Gegen «Weltuntergangsstimmungen» hält sich Blocher an den Grundsatz des Schweizer Malers Albert Anker: «Ich male, siehe die Erde ist nicht verdammt.» Köppel lässt diese Schönfärberei unkommentiert stehen…

Auf die Frage nach dem «Formstand» der schweizerischen Parteien sagt Blocher: «Die Verlotterung der Lebensgrundsätze ist natürlich bei der SP und im grünen Lager am grössten.» Köppel fragt nicht nach, welche «Lebensgrundsätze» Blocher meint.
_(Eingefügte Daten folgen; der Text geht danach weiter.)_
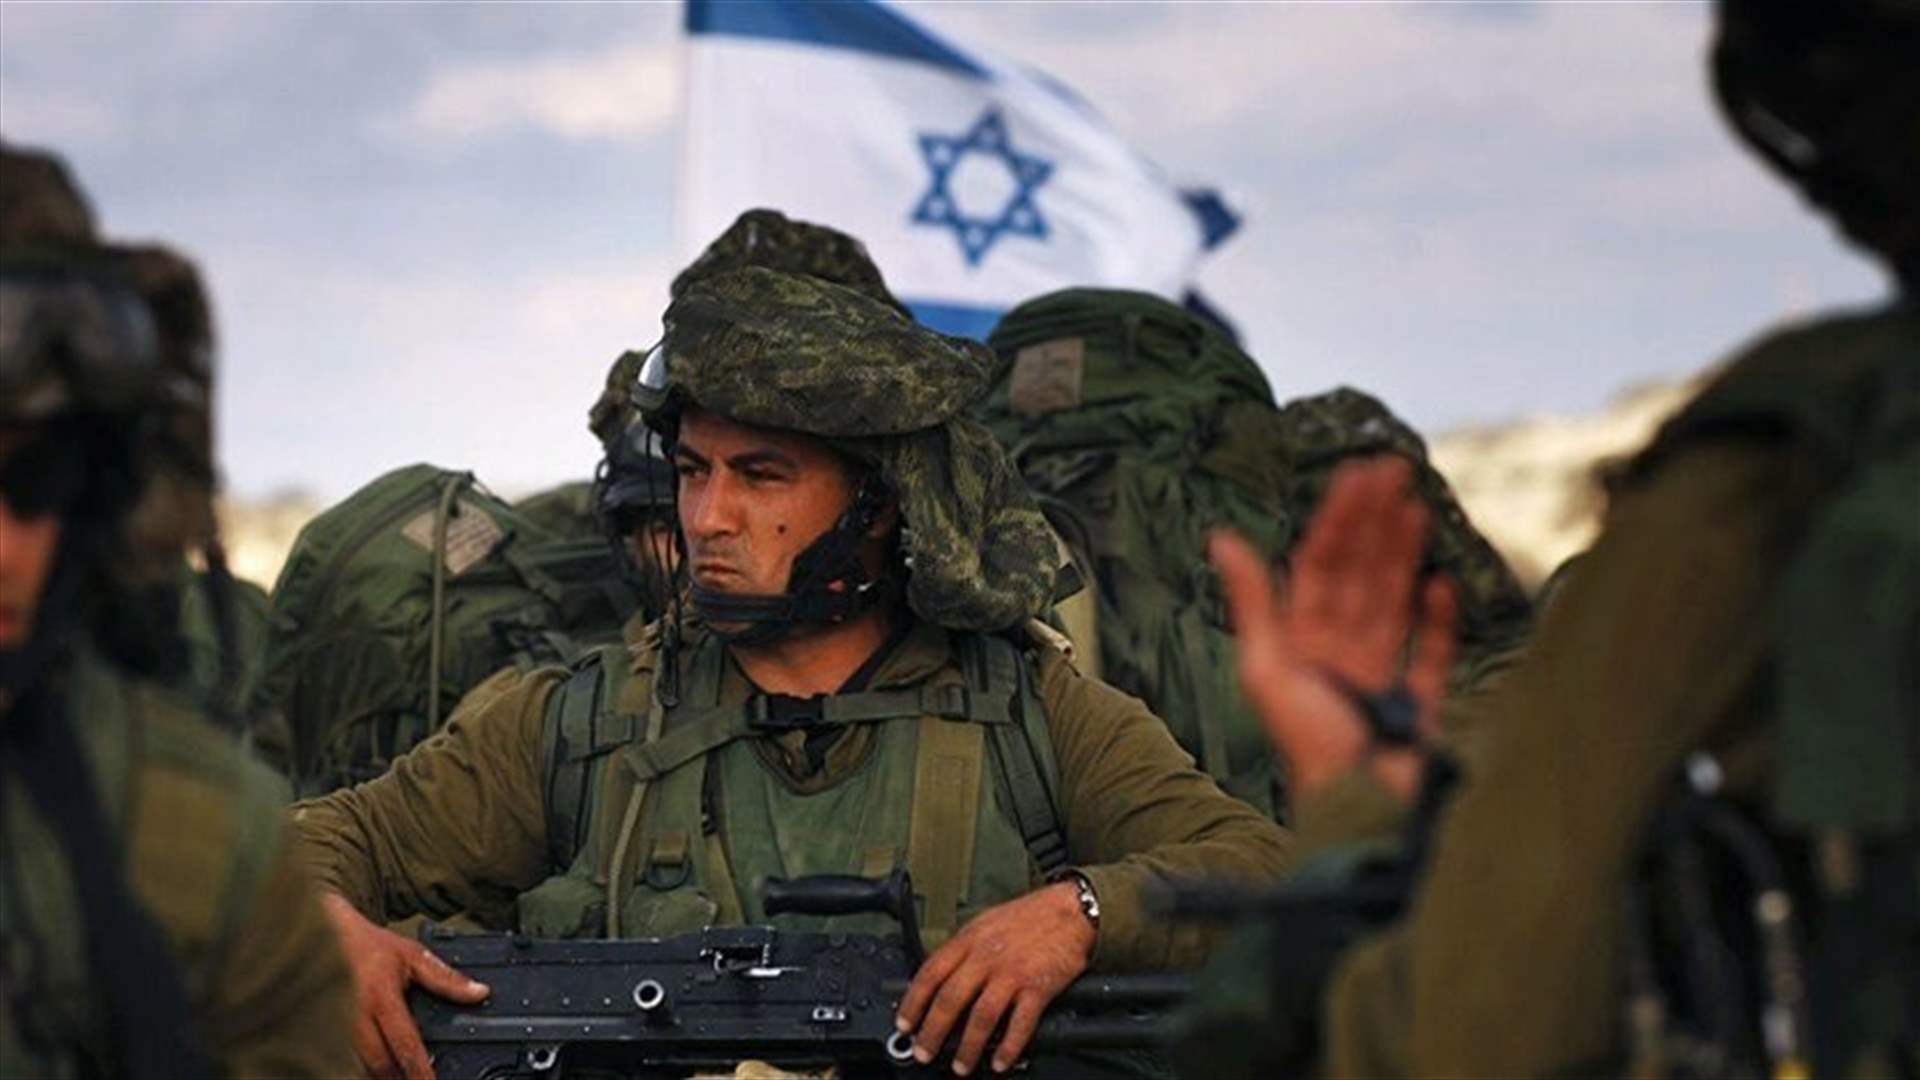 الجيش الإسرائيلي يعلن إصابة 18 جنديا في هضبة الجولان المحتلة

Die Grundwerte der SP – Freiheit, Gerechtigkeit, Solidarität – müssen allerdings gegen Blochersche und pseudobürgerliche Engführungen verteidigt und politisch stärker akzentuiert werden:

  • Gegen einen Freiheitsbegriff, der vor allem die Freiheit des neoliberalen Wirtschaftens mit möglichst wenig ökologischen oder sozialen Rahmenbedingungen meint, müssen die Freiheitsrechte, wie sie in der Menschenrechtscharta formuliert sind, politisch verwirklicht werden, für alle, nicht nur für Schweizer und die Reichen dieser Welt… und auch für zukünftige Generationen!
  • Der Kampf für gerechte materielle Verhältnisse und Chancengleichheit vor Ort und weltweit ist nötiger denn je, wenn man die Anfälligkeiten für den Missbrauch der Macht, für egomanisches Handeln von reichen Einzelnen und die nationalegoistische Politik reicher Staaten betrachtet.
  • Solidarität mit den Benachteiligten und Schwachen (nicht nur der Schweiz) sollte auch für den Pfarrerssohn Blocher ohne paternalistische Geste, sondern mit rechtlichen Verbindlichkeiten eine Selbstverständlichkeit sein.

Gegen die «Verlotterung» der Politik ist es hilfreich, wenn Blocher und seinen Kolumnen in seinen Gratiszeitungen, seinem «Teleblocher», seinen Nachbetern wie Köppel und seinen Lakaien der SVP vermehrt widersprochen wird.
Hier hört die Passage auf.